On my 2024 reading list:

1. Feminism Against Progress — Mary Harrington

Mary is an astonishingly talented writer, and in some respects it's surprising that she chose to wade into this topic, but I've heard her talk about the book in interviews and it seems like she genuinely has a very interesting, new take, so I want to read that this year.

2. The End of Everything — Victor Davis Hanson

VDH's latest book, just came out last year. The Dying Citizen is truly an outstanding book that everyone should read (imo), so I really look forward to reading this next one.

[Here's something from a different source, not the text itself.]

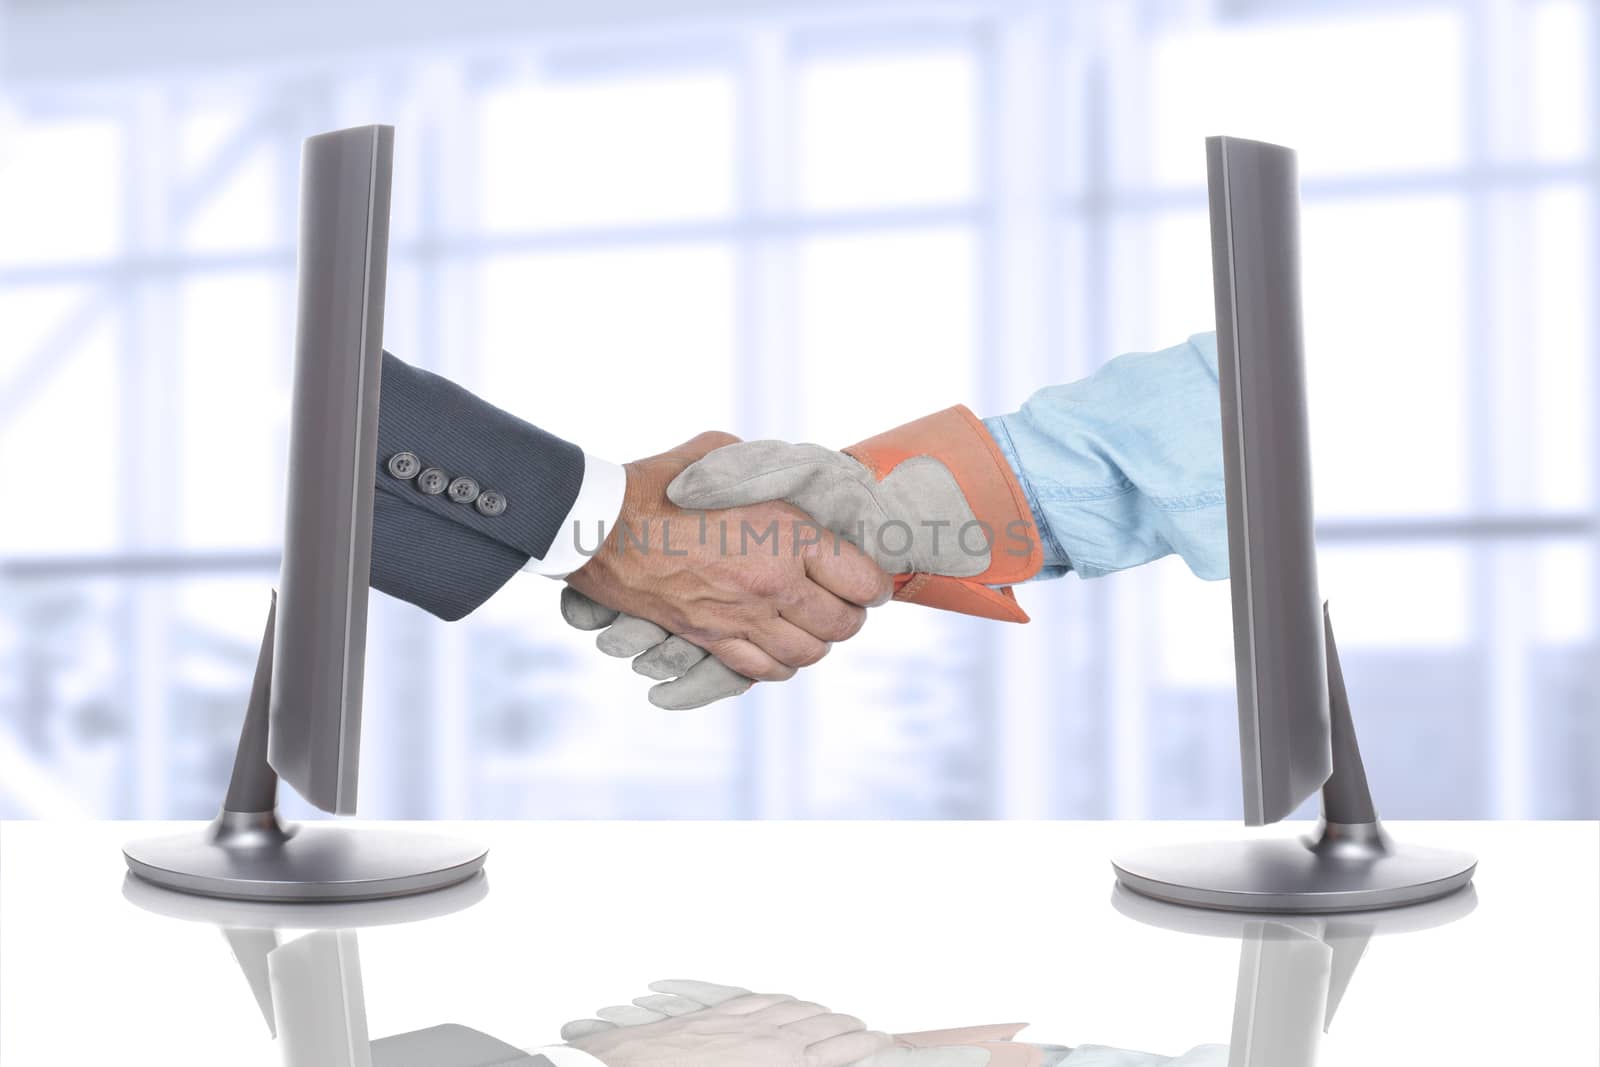 Handshake Over Desk in Business Office. Both hands are coming out of computer screens.

I would also like to read The Second World Wars this year, if I have time, which is co-authored by VDH. That one is back in his other mode as a military historian. Reviews of it are excellent, might try to squeeze it in on audiobook.

3. A Revolution Betrayed — Peter Hitchens

Bit of a nice topic, the British education system, but Peter (like his brother) is an excellent writer who always has something interesting to say. I really enjoyed Abolition of Britain an Unconventional Wisdom, so I plan to read this one, but maybe I'll do it on audiobook. After finishing this one I want to read the new book by Matt Goodwin (due to come out this year) which will touch on the same topic.

4. The Queering of the American Child — Logan Lancing & James Lindsay

Came out last year, very highly reviewed so I expect it to be as compelling as Cynical Theories.

5. On Democracies and Death Cults — the new Douglas Murray one that comes out in April

6. Letters to a Young Contrarian — Christopher Hitchens

Not a recent book, but one of the few Hitchens books that slipped through the net and I still haven't read it. It seems very appropriate to read in our current time, being that it's a book about exploring contrarian views and how to debate and dissent peacefully yet effectively.

...And there are a couple of books I've already read that I want to revisit this year, including:

— America Alone, and After America, both by Mark Steyn. Man was he was prescient!